What is the vapor pressure of the solution if 35.0 g of water is dissolved in 100.0 g of ethyl alcohol at 25 ∘C? The vapor pressure of pure water is 23.8 mmHg, and the vapor pressure of ethyl alcohol is 61.2 mmHg at 25 ∘C.

Answer 1

Answer: The vapor pressure of the solution is 43.55 mmHg

Step-by-step explanation:

To calculate the number of moles, we use the equation:

`\text{Number of moles}=\frac{\text{Given mass}}{\text{Molar mass}}` .....(1)

• For water:

Given mass of water = 35.0 g

Molar mass of water = 18 g/mol

Putting values in equation 1, we get:

`\text{Moles of water}=(35.0g)/(18g/mol)=1.944mol`

• For ethyl alcohol:

Given mass of ethyl alcohol = 100.0 g

Molar mass of ethyl alcohol = 46 g/mol

Putting values in equation 1, we get:

`\text{Moles of ethyl alcohol}=(100.0g)/(46g/mol)=2.174mol`

Total moles of solution = [1.944 = 2.174] moles = 4.118 moles

• Mole fraction of a substance is given by:

`\chi_A=(n_A)/(n_A+n_B)`

For water:

`\chi_{\text{water}}=\frac{n_{\text{water}}}{n_{\text{water}}+n_{\text{ethyl alcohol}}}`

`\chi_(water)=(1.944)/(4.118)=0.472`

For ethyl alcohol:

`\chi_{\text{ethyl alcohol}}=\frac{n_{\text{ethyl alcohol}}}{n_{\text{water}}+n_{\text{ethyl alcohol}}}`

`\chi_{\text{ethyl alcohol}}=(2.174)/(4.118)=0.528`

Dalton's law of partial pressure states that the total pressure of the system is equal to the sum of partial pressure of each component present in it.

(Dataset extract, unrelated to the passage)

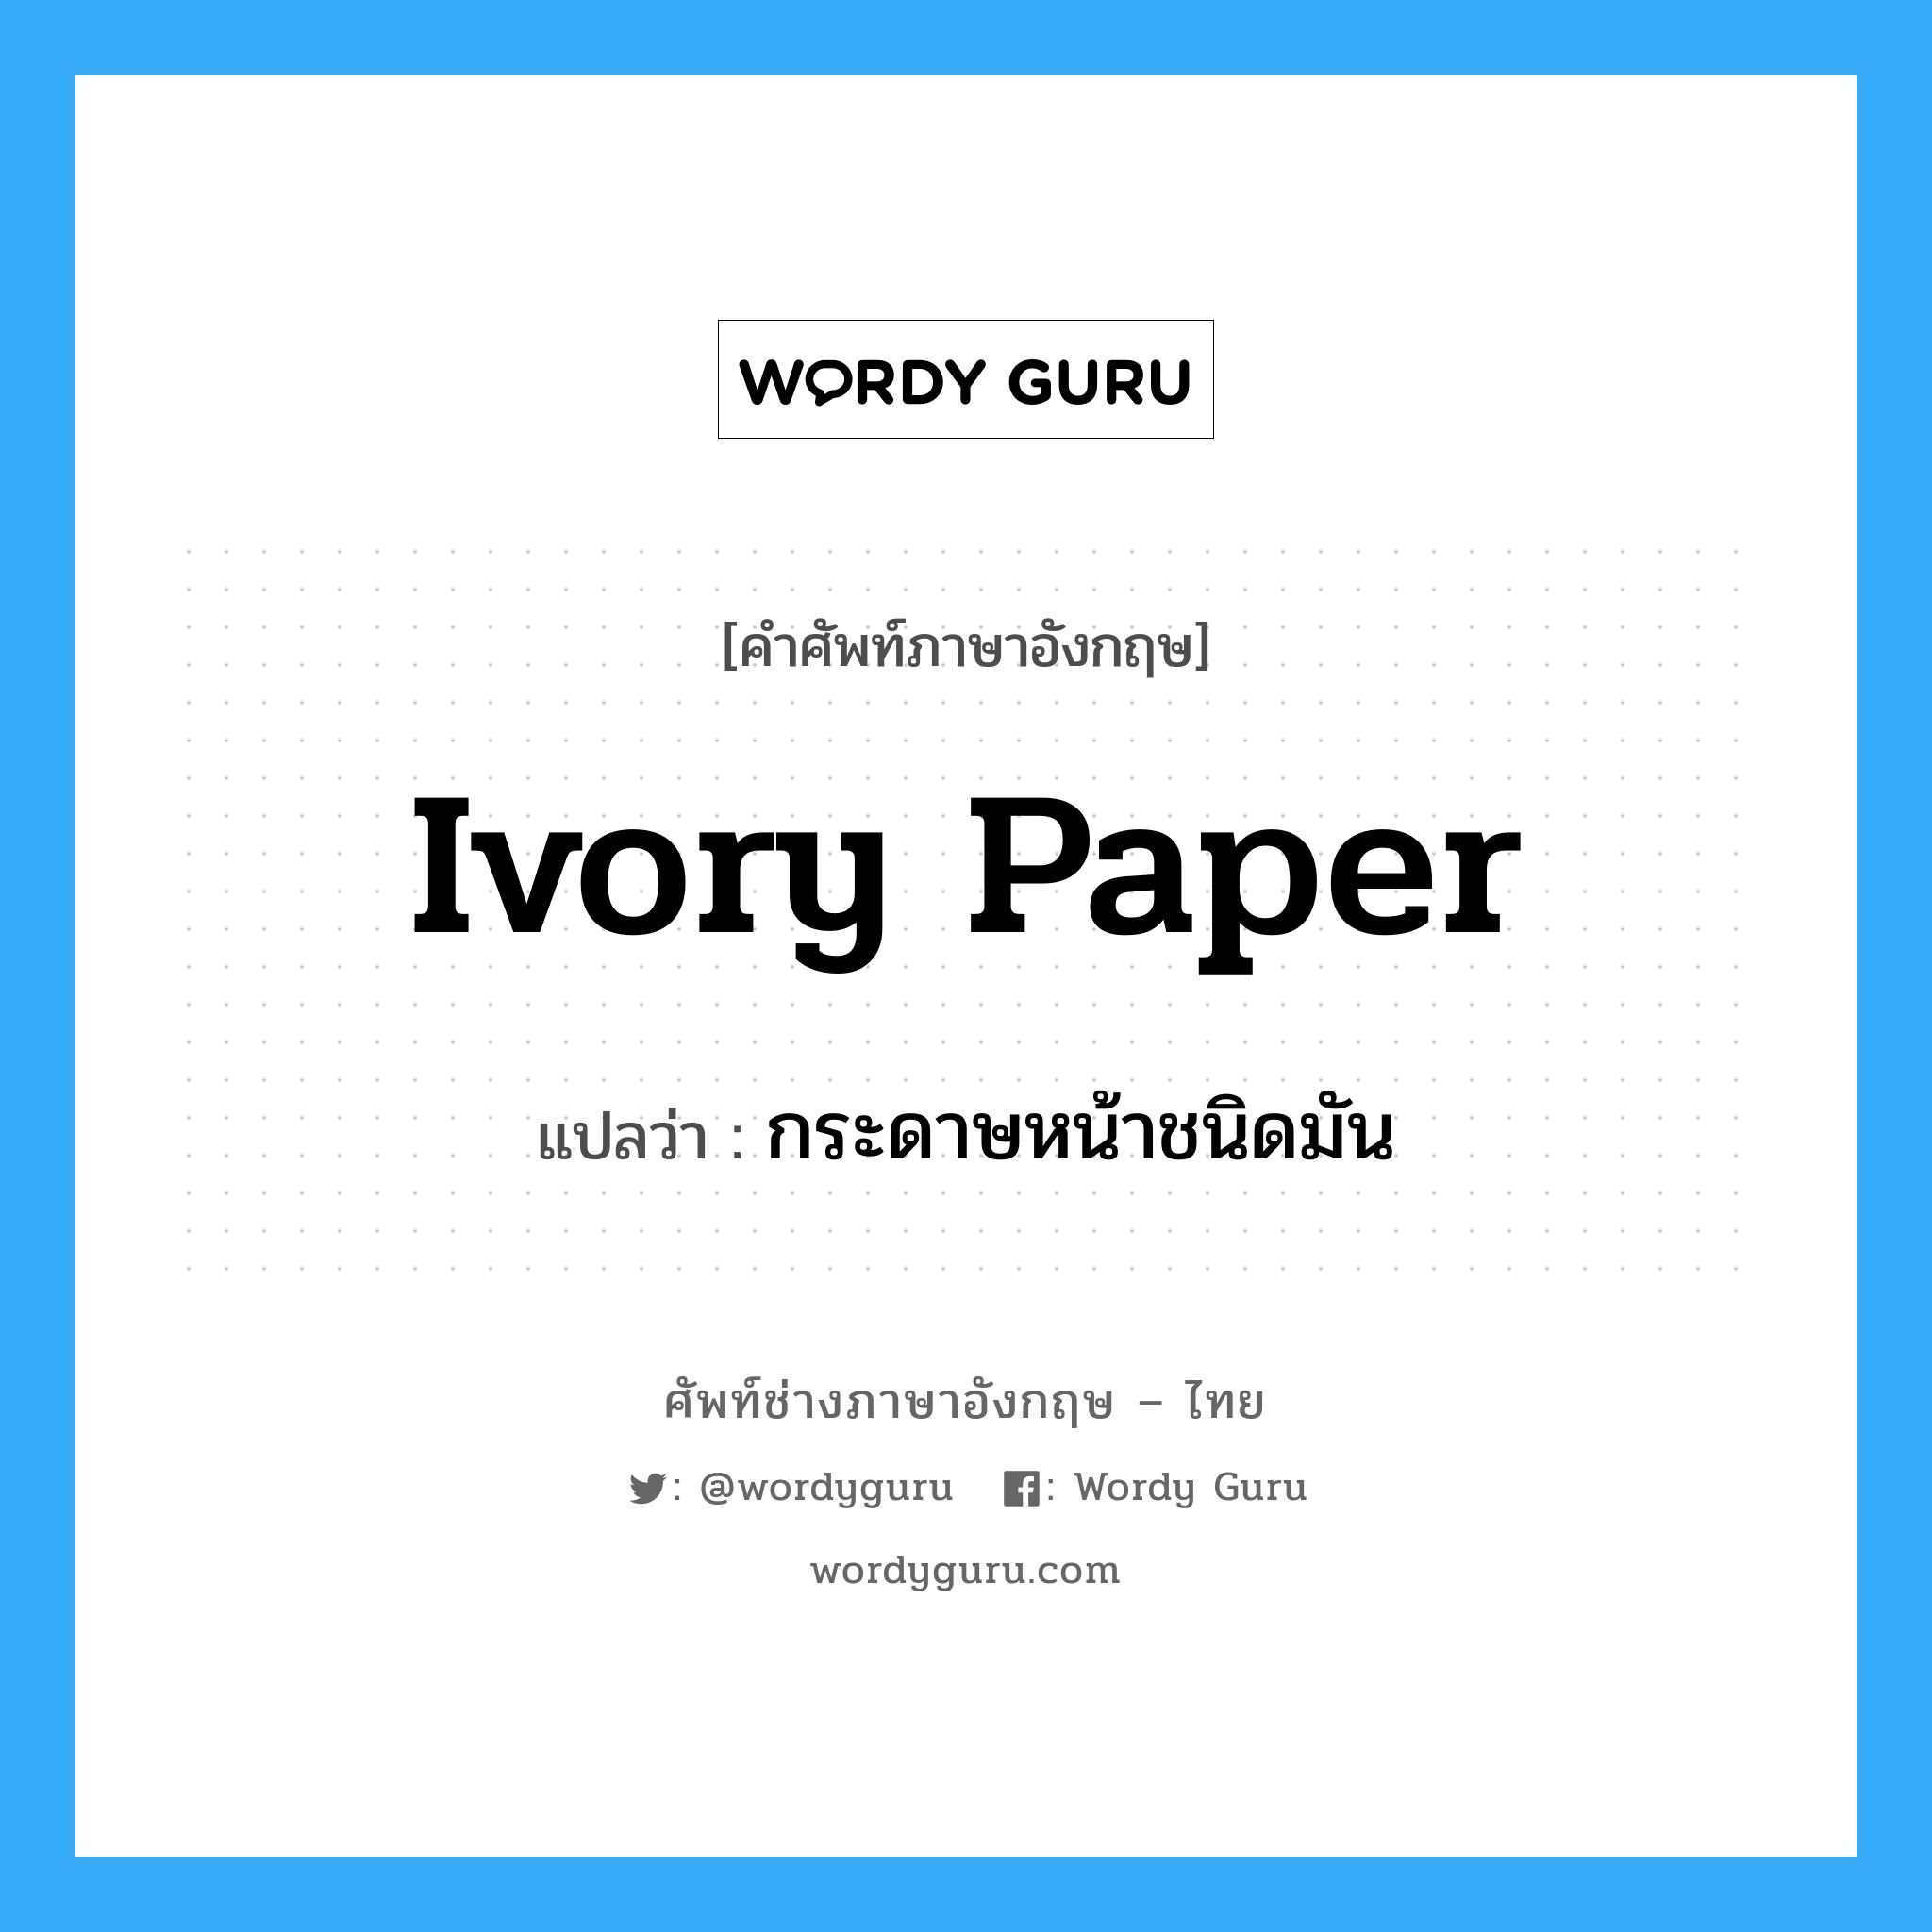 ivory paper แปลว่า?, คำศัพท์ช่างภาษาอังกฤษ - ไทย ivory paper คำศัพท์ภาษาอังกฤษ ivory paper แปลว่า กระดาษหน้าชนิดมัน

To calculate the vapor pressure of the solution, we use the law given by Dalton, which is:

`P_T=\sum_(i=1)^n (p_i* \chi_i)`

Or,

`P_T=[(p_{\text{water}}* \chi_{\text{water}})+(p_{\text{ethyl alcohol}}* \chi_{\text{ethyl alcohol}}`

We are given:

Vapor pressure of water = 23.8 mmHg

Vapor pressure of ethyl alcohol = 61.2 mmHg

Putting values in above equation, we get:

`p_T=[(23.8* 0.472)+(61.2* 0.528)]\\\\p_T=43.55mmHg`

Hence, the vapor pressure of the solution is 43.55 mmHg